The diesel was mated to a new TorqShift Heavy Duty 10-speed automatic transmission that shifted down to 3rd and 4th gears to make the revs required by the turbo brake at my downward speed of 25 to 35 mph. The engine spun at 3,000 to 3,500 rpm on this steep downhill stretch; uphill, it worked hard but stayed at a pleasingly low 2,000 to 2,200 rpm. The multispeed tranny keeps engine revs at efficient levels, and it shifted strongly and smoothly, though occasionally a tad roughly during downshifts while under load. Most gasoline 7.3s will also be mated to the 10-speed TorqShift (developed, by the way, in a joint venture with General Motors). Manual transmissions are no longer offered, partly because most young people don’t know how to drive them and oldsters would rather not. Also, automatics have become highly efficient and will produce better fuel economy than manuals.
SuperDuty pickups continue with aluminum cabs, hoods, and beds, and high-strength steel underframes. For 2020, a new Tremor package comes with enhanced off-road suspension components but retains full payload and tow ratings, unlike the high-performance Raptor, which trades some hauling capacity for high-speed cross-country travel. The high-slung Tremor comes standard with 35-inch wheels and tires. Besides that and the powertrains, other changes for ’20 are in electronic safety equipment, primarily a Co-Pilot360 package that’s standard on most trim packages. It alerts a driver if the truck is straying from a travel lane, monitors blind spots including those around trailers, and applies the brakes if the driver doesn’t when the truck’s about to hit something up ahead. The latter is part of adaptive cruise control that adjusts speed to suit traffic, something that began appearing in cars and trucks a decade ago.

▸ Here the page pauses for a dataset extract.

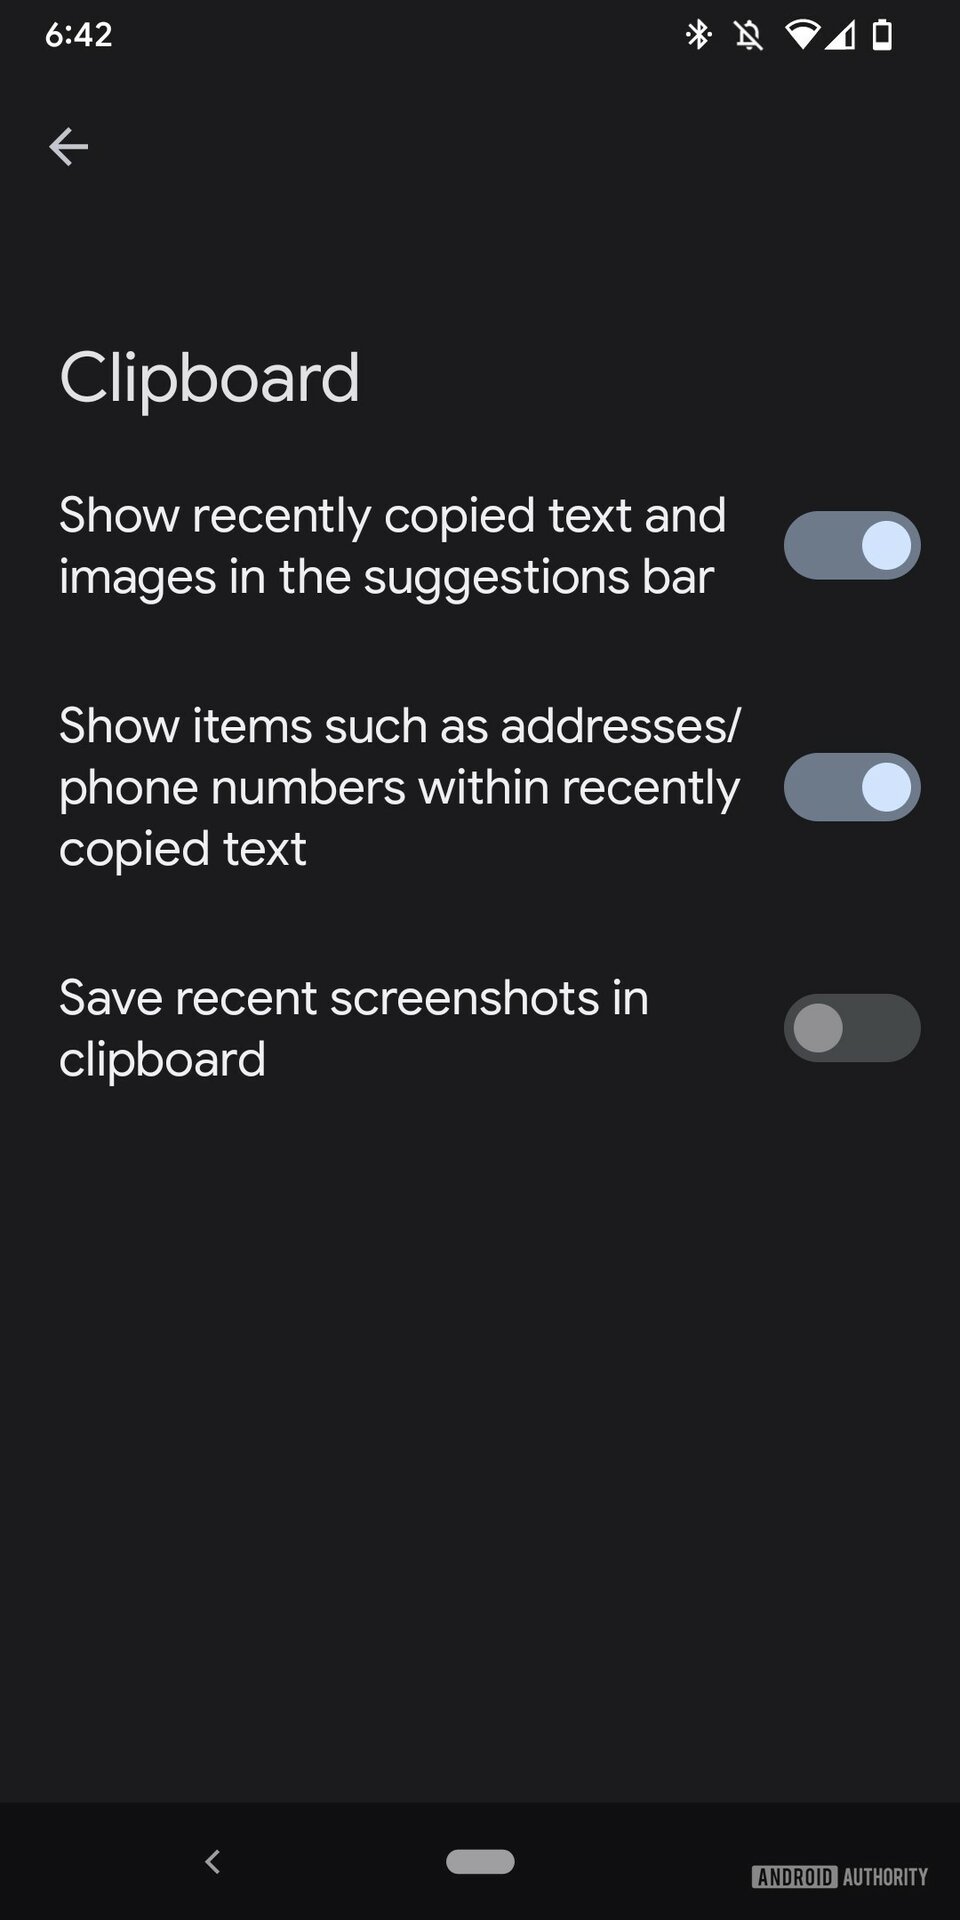 A screenshot of the Android clipboard settings options.

There’s also a Trailer Backing Assist feature that lets a driver “steer” a trailer by twisting a dash-mounted knob that activates the electric-over-hydraulic steering, twisting the wheel left to move the trailer right, etc. I tried it and decided that I could do it just as well by grabbing the bottom of the steering wheel’s rim and moving it the same direction I want the trailer to go—no assist needed, thank you. But I can see that the feature would be helpful to people unfamiliar with trailer backing.

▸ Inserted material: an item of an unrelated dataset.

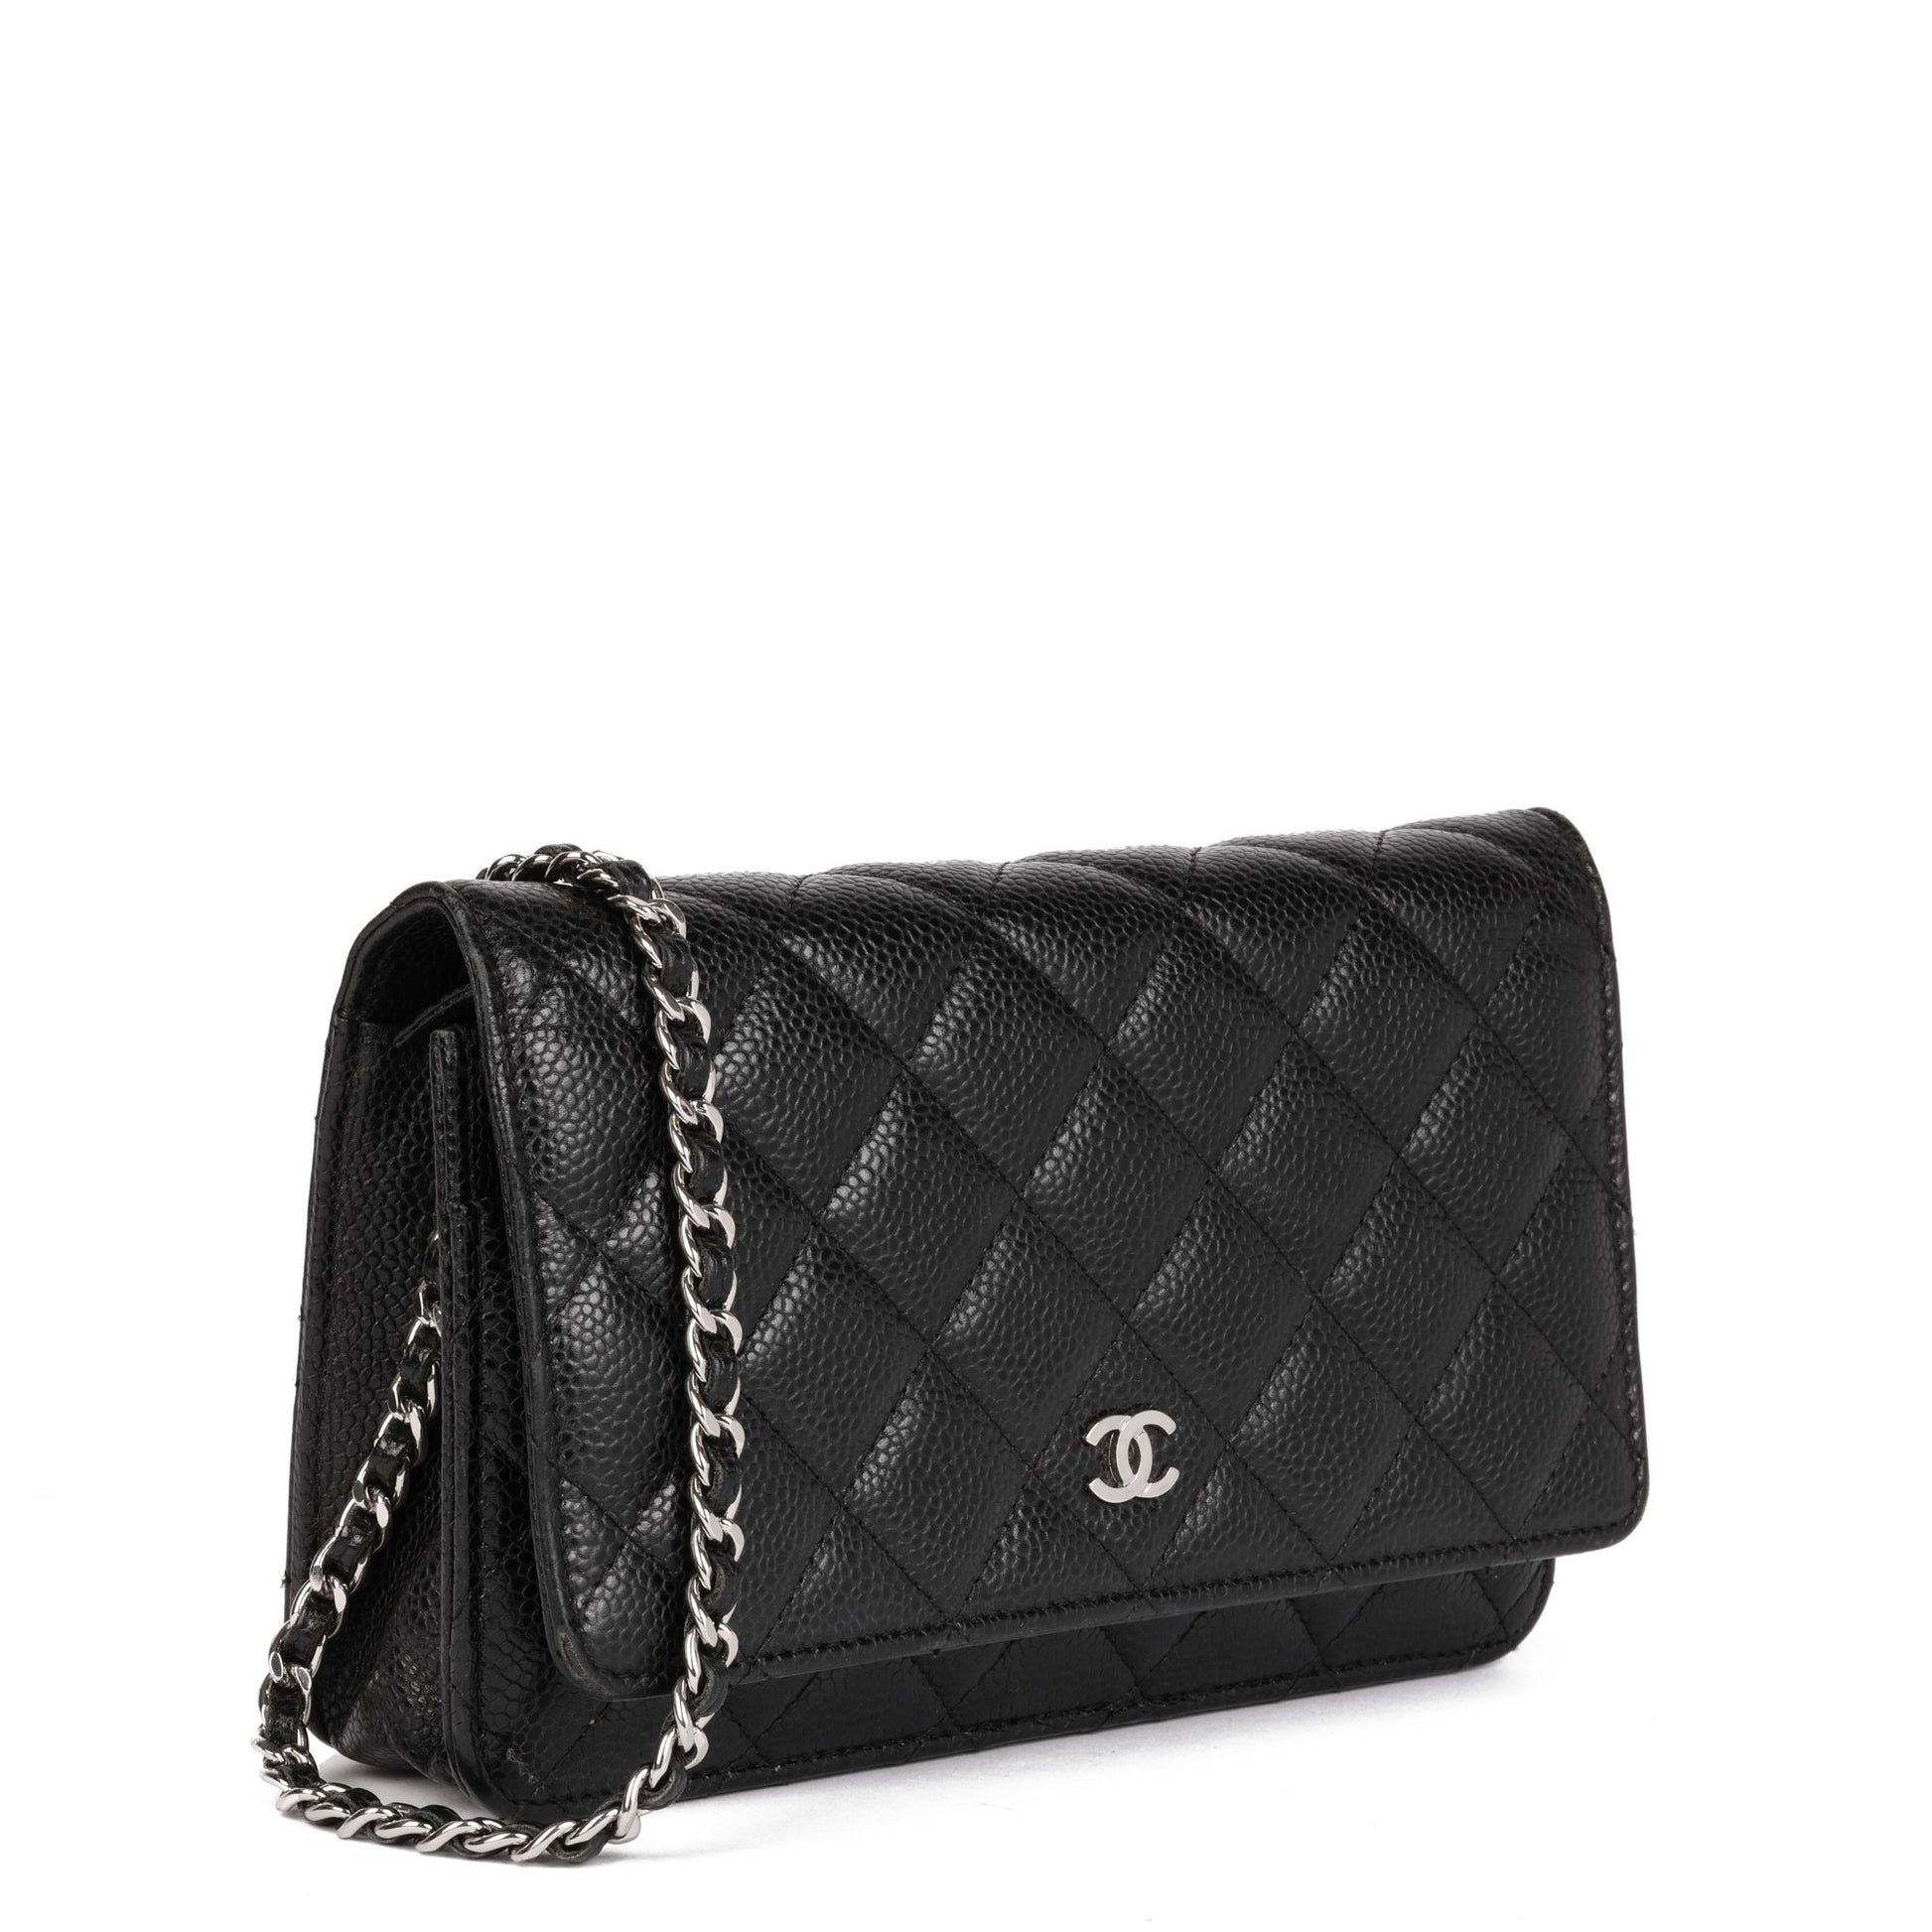 Chanel Black Quilted Caviar Leather Wallet-on-Chain WOC Shoulder Bag

I shan’t say much about the opulence that now surrounds drivers and passengers of modern pickups, including today’s SuperDuties. Ford offers five trim levels, from “rubber-floor” XL to limo-like Limited. XLT, which once was a high-end trim package, is now second to lowest. Every truck I drove had a fancy interior with leather-covered seats, attractive dash and door paneling, and plush carpeting. I believe it would be sacrilegious to drag dirt and mud from a job site into such a cabin, but poshness is what many customers want these days, say reps from Ford and the other builders. Two thousand years hence, archeologists might judge this as a sign of 21st Century America’s high standard of living, kind of like modern scholars explain the gilded chariots of ancient Rome. So, long live style, comfort, and V-8 power.